The result is typical of previous measurements and is excellent agreement with the published height and proves that our Leica 530 is measuring heights correctly. In addition to the measurement of the Daresbury FBM, we frequently check the instrument against a more accessible control point for which we have our own results.

One question we have investigated experimentally is “how reproducible are survey heights for repeated measurements at the same point?” We have carried out 2-hour surveys of the height of a single point 20 times on different days and under different weather conditions. The Leica GeoOffice software also allows you to select the model of the troposphere that is used in the calculation (The troposphere has a significant effect in distorting the signals from the satellites and therefore this effect has to be modelled by the software to obtain accurate height measurements). We calculated each of the 20 datasets using a Hopfield model and a Computed model.

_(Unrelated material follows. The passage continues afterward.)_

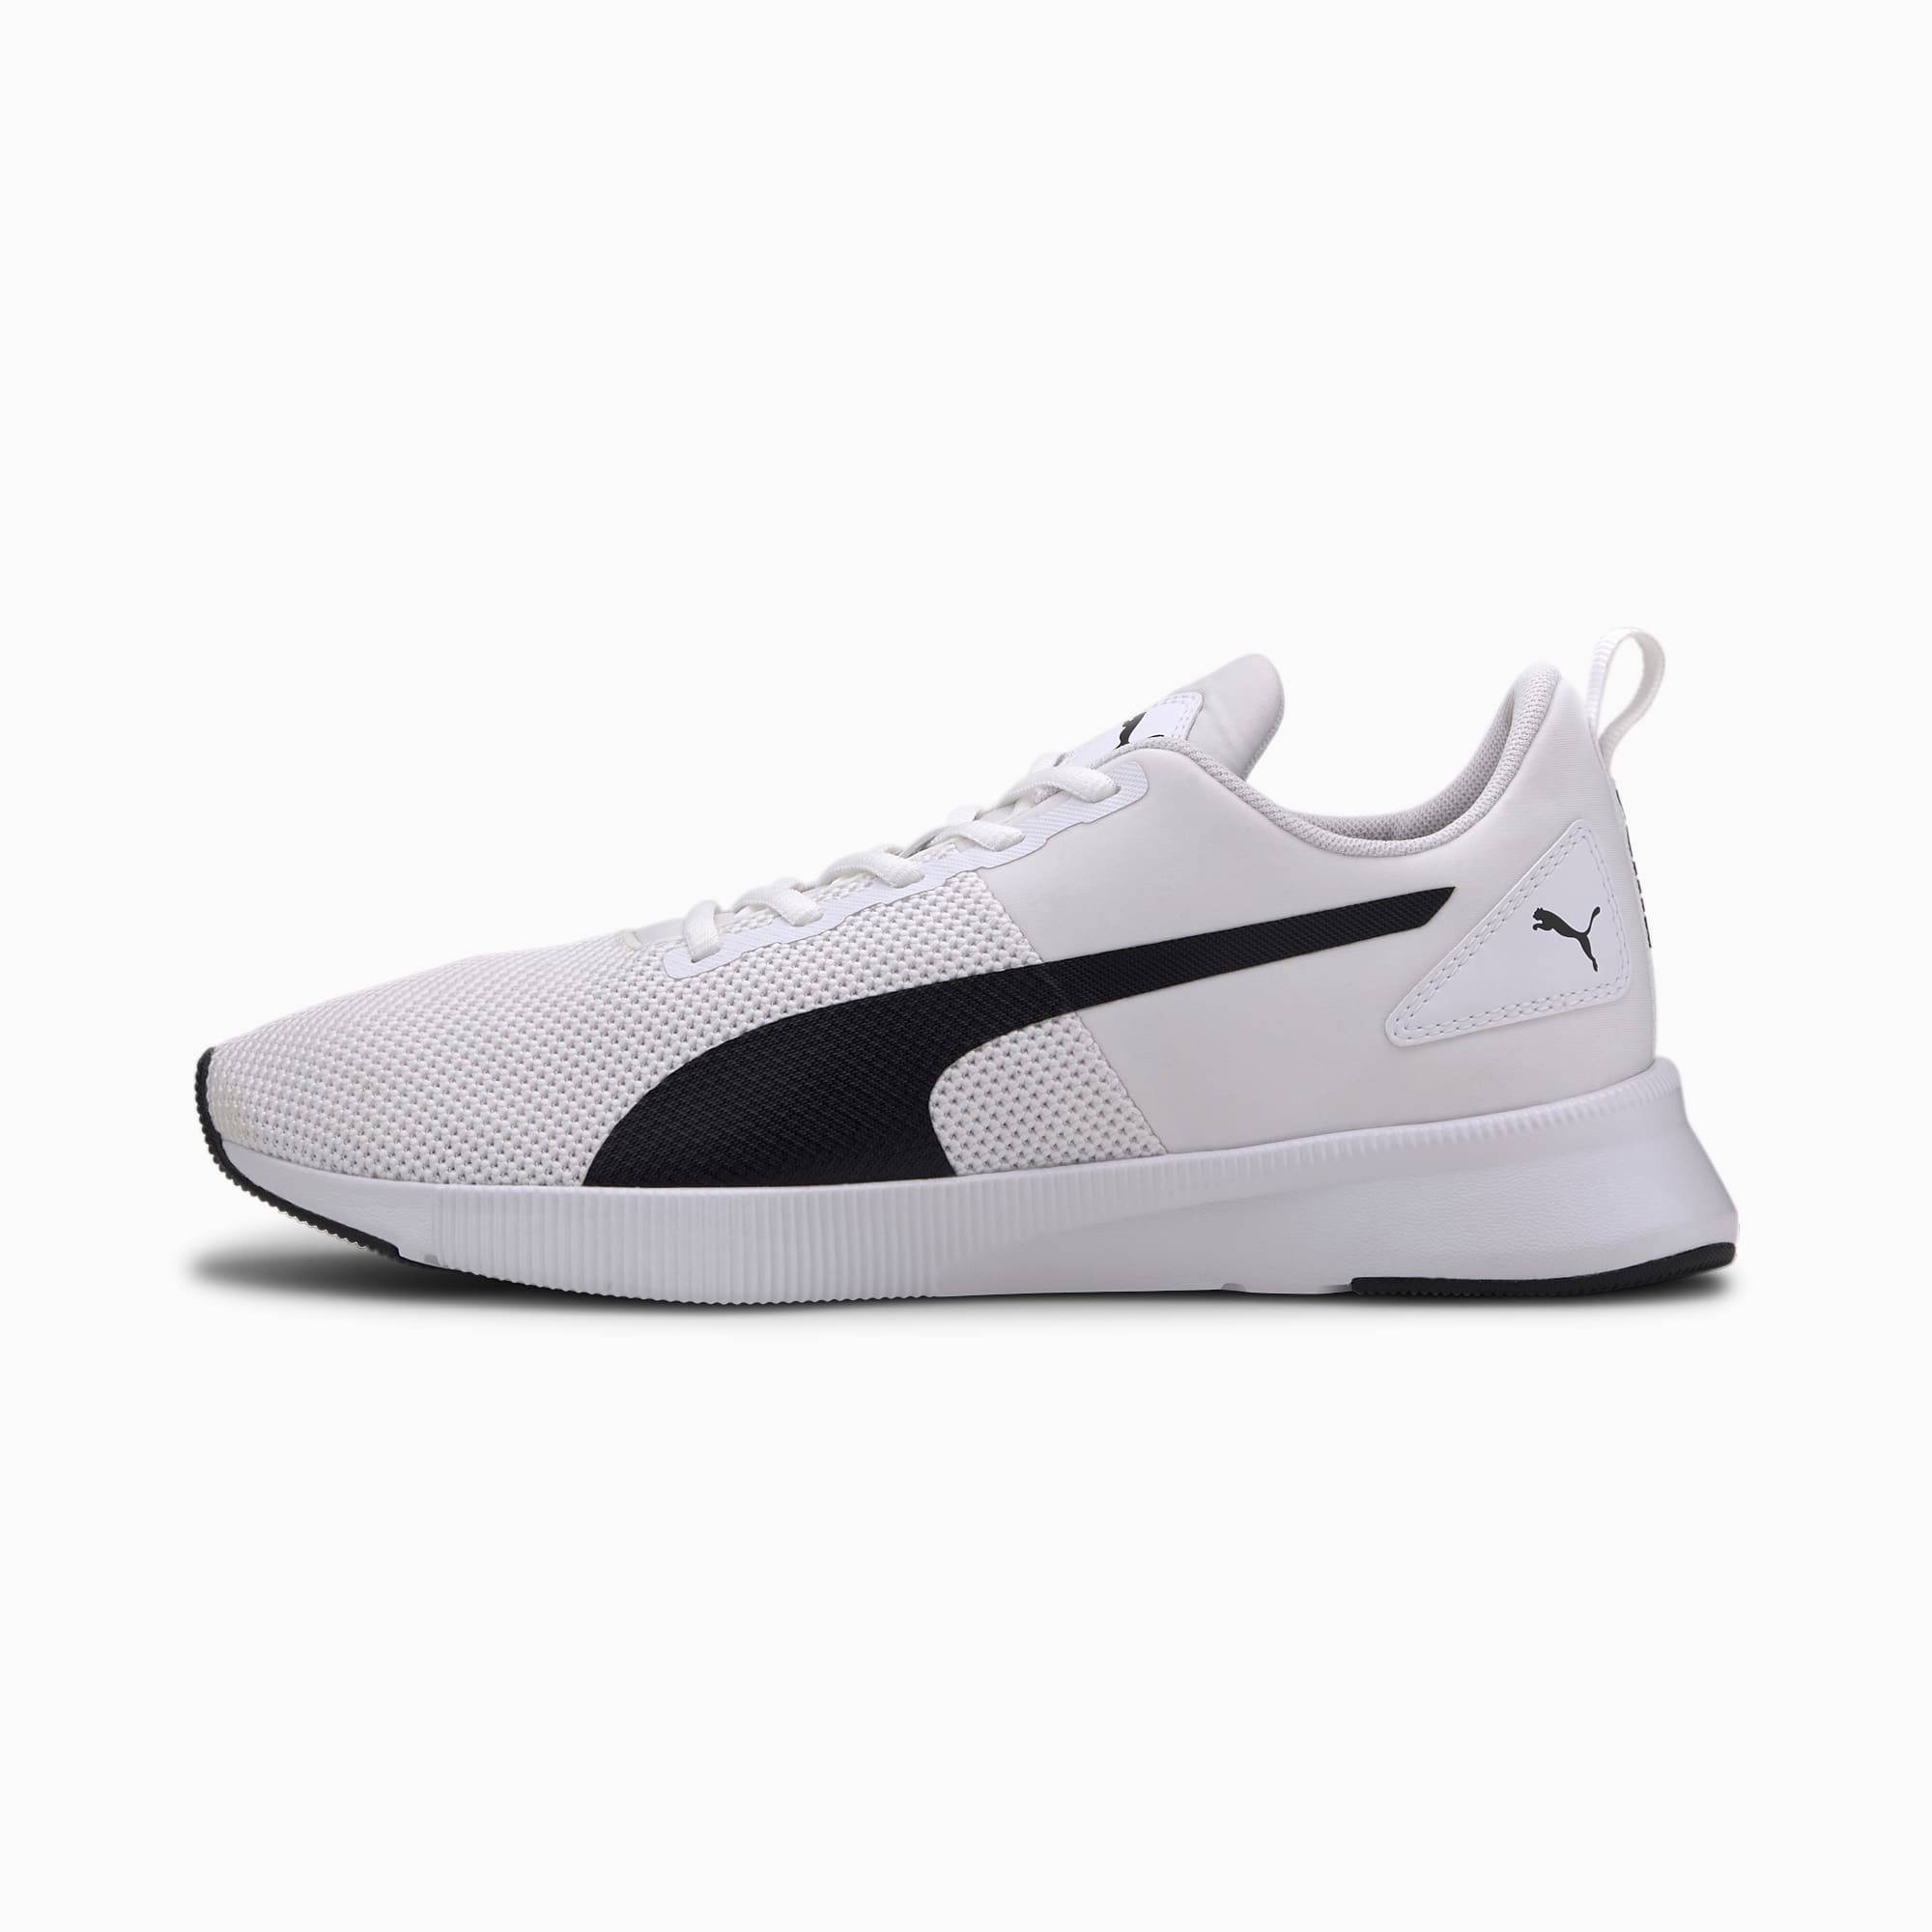 PUMA Chaussure de course Flyer Runner, Blanc/Noir, Taille 40, Chaussures

The Hopfield model is usually chosen for short surveys where the height difference between the survey point and the base stations is small. Also given for comparison is the result for a continuous 12 hour survey. This represents the “ultimate” in static surveys since the results are computed from a complete cycle of satellite configurations. However, for mountain surveys it is totally impractical to consider taking measurements for 12 hours. The results are tabulated below.

The results for the mean of the 2-hour surveys calculated with the computed model is the same as for the 12-hour survey. The important point to note is the reproducibility of the results. Repeat measurements are falling in a band of +/-0.02m.  The quite different Hopfield model gives a mean result which is 0.02m lower with a similar variation. So the results of twenty surveys calculated with different tropospheric models only give a difference of 0.04m; this demonstrates just how robust the technique is.  Consequently, these results show that if we were to repeat the mountain surveys we would expect to see only a difference of 0.04m in the worst case, as far as the GPS component to the total error were concerned.

Summary

In this article we have covered in detail a description of the sources of error that can occur in the measurement of height and what we do to make sure that the results are accurate. We trust the reader will appreciate the care and attention to detail that we employ in order to ensure our survey results are of the highest accuracy.

So are we sure that Sgurr nan Ceannaichean is NOT a Munro and that Beinn Teallach IS a Munro? If we sum all the possible errors that were involved in the measurements of these mountains, we would quote the heights of each with a maximum estimated error of +/-0.1m. In statisticians’ parlance, these errors represent three standard deviations and there is a 99.8% chance that the height of Sgurr nan Ceannaichean lies between 913.3m and 913.5m.  Similarly there is a 99.8% chance that Beinn Teallach lies between 914.5m and 914.7m (statisticians never talk of 100% confidence).  Where would you put your money? 

J Barnard and G V Jackson, 30 November 2009.